I have a php application that is installed on several servers and all of our developers laptops. I need a fast and reliable way to get the server\'s hostname or some other
php_uname but I am not sure what hostname you want the hostname of the client or server.
plus you should use cookie based approach
For PHP >= 5.3.0 use this:
$hostname = gethostname();
For PHP < 5.3.0 but >= 4.2.0 use this:
$hostname = php_uname('n');
For PHP < 4.2.0 use this:
$hostname = getenv('HOSTNAME');
if(!$hostname) $hostname = trim(`hostname`);
if(!$hostname) $hostname = exec('echo $HOSTNAME');
if(!$hostname) $hostname = preg_replace('#^\w+\s+(\w+).*$#', '$1', exec('uname -a'));
You could also use...
$hostname = getenv('HTTP_HOST');
The accepted answer gethostname() may infact give you inaccurate value as in my case
gethostname() = my-macbook-pro (incorrect)

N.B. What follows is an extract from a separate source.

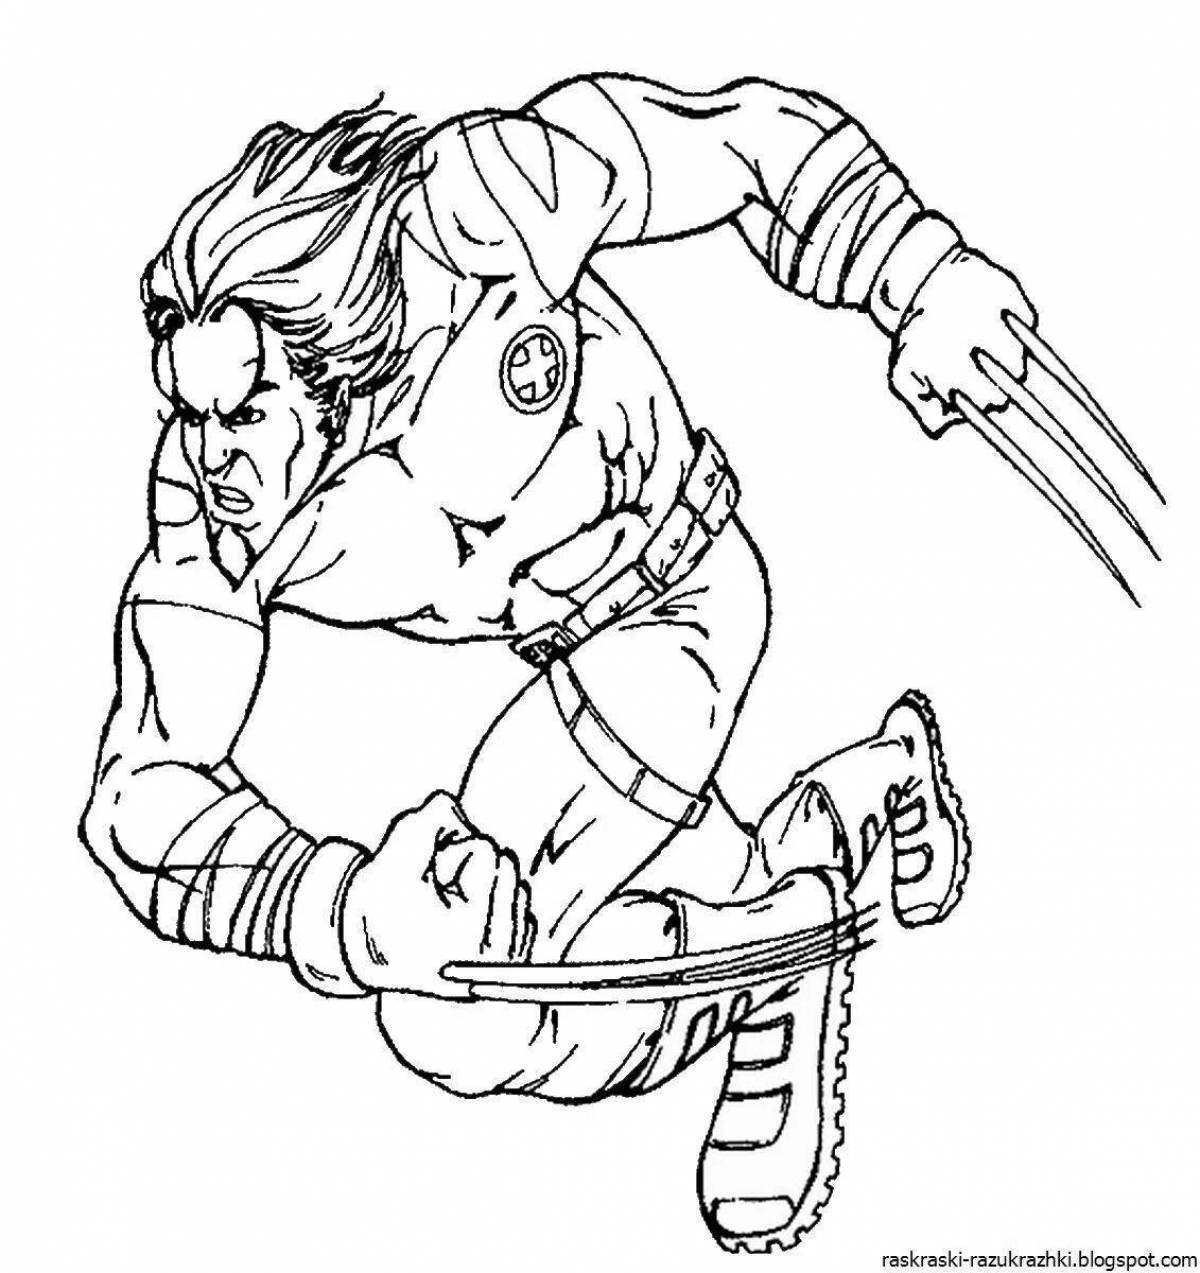 Amazing marvel coloring page for boys

$_SERVER['host_name'] = mysite.git (correct)
The value from gethostname() is obvsiously wrong. Be careful with it.
Host name gives you computer name, not website name, my bad. My result on local machine is
gethostname() = my-macbook-pro (which is my machine name)
$_SERVER['host_name'] = mysite.git (which is my website name)
I am running PHP version 5.4 on shared hosting and both of these both successfully return the same results:
php_uname('n');
gethostname();
What about gethostname()?
Edit: This might not be an option I suppose, depending on your environment. It's new in PHP 5.3. php_uname('n') might work as an alternative.